Jak mozna zmienic ta rozdzielczosc i czy w ogole da sie ?

PozdrawiamLast edited by MarekMaj on Fri Apr 20, 2007 8:44 pm; edited 1 time in total

----------

## pancurski

tu znajdziesz coś, zainteresuj się vesa, pewnie będziesz musiał przekompilować jądro i dodać wpis do gruba 

http://www.gentoo.org/doc/pl/handbook/handbook-x86.xml?part=1&chap=10

ps. i zmień kodowanie swojego posta na ISO-8859-2

----------

## MarekMaj

Rozumiem, ze jadro mam skompilowac po to, zeby dodac do niego VESA tak ?

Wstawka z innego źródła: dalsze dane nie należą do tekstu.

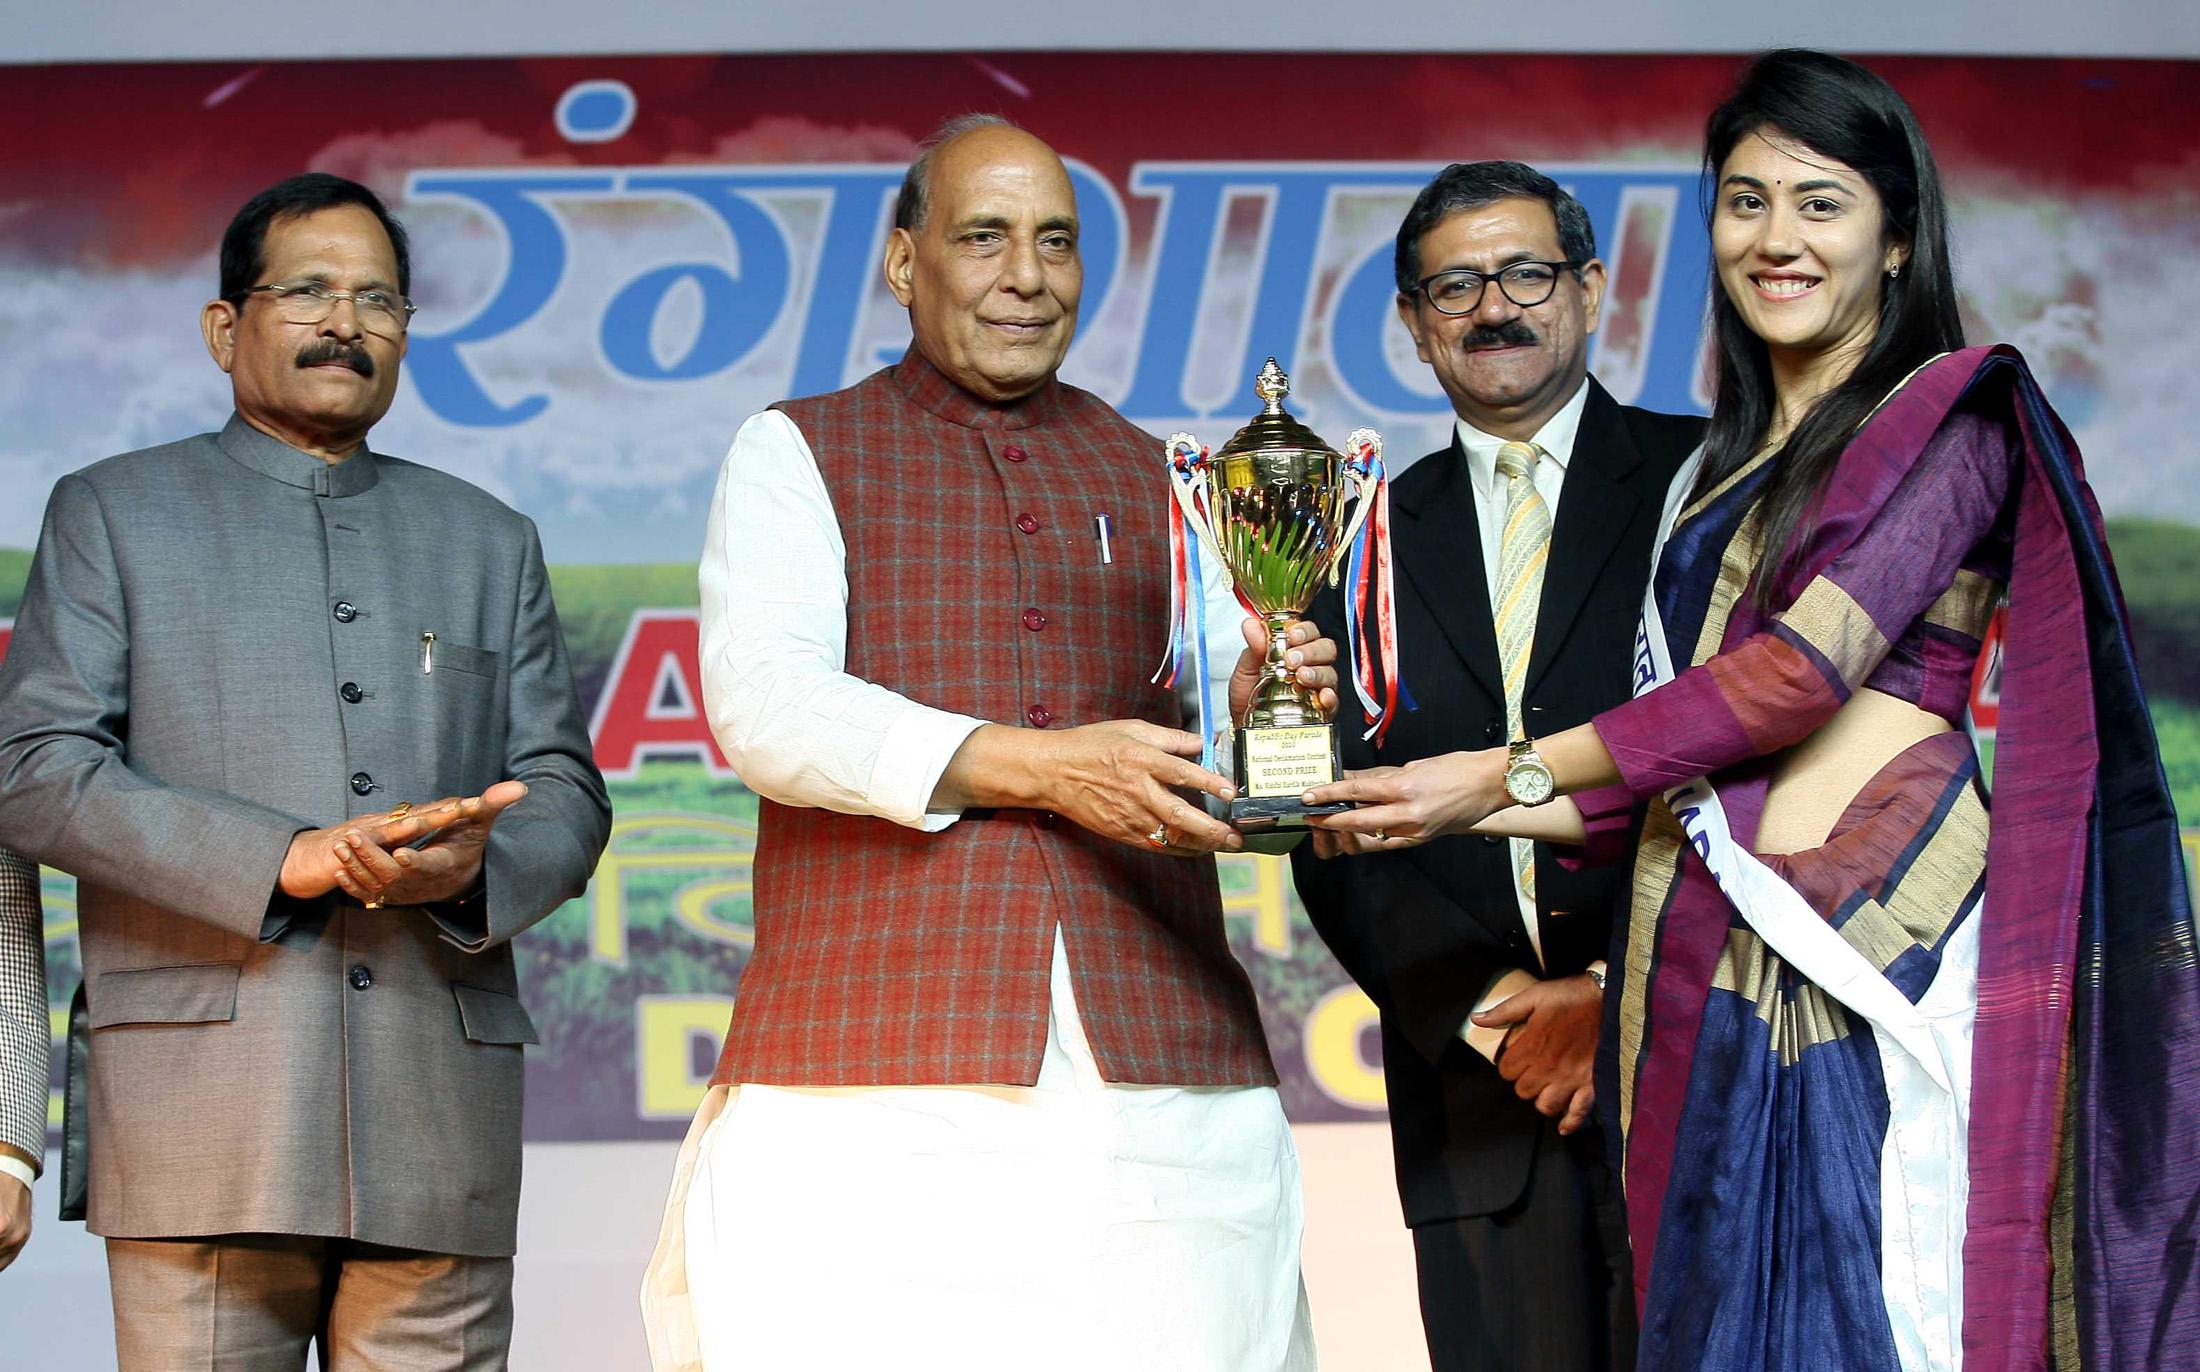 Raksha Mantri gives away awards related to Republic Day 2020

Co do kodowania znakow, nie znalazlem tego nigdzie  :Sad: 

----------

## pancurski

dobrze rozumiesz, vesa w kernelu. Co do kodowania to ustawiasz w ustawieniach/opcjach przęgladarki, w firefox: Widok -> Kodowanie znaków ->

----------

## MarekMaj

Ok, zmienione  :Smile: 

Dzieki za info. Poszukam tego VESA jak wrocę z zajęc

----------

## MarekMaj

Pomogło !!  :Smile: 

Nie ma to jak sprawna i sensowna odpowiedź

Dzięki wielkie !!

Pozdrawiam::MarekMaj

----------

## Poe

Drogi Panie Kolego.... Proszę zapoznać się łaskawie z APELEM, a zwlaszcza z punktem o tym co należy zrobić w przypadku rozwiązania problemu...

pozdrawiam

----------

## MarekMaj

Przeczytane  :Smile: 

Wystarczyło dodać obsługę Framebuffera do jądra i w tym samym miejscu ustawić 1024x768@85. System wygląda o wiele lepiej

Jeszcze tylko jedno małe pytanie (nie chce zakładać nowego postu dla tak głupiego pytania):

Podczas instalacji z LIVECD, po prawej widnieje pionowy pasek z napisem Gentoo Linux i na dole z logo Gentoo. Czy jest możliwość zainstalowania tego w systemie po instalacji ? Taki mały bajer, a wyglądał bardzo fajnie.

Pozdrawiam::MarekMaj

----------

## Redhot

Widac, ze nie przeczytales APELu, jest tam napisane ze jedno pytanie/jeden watek.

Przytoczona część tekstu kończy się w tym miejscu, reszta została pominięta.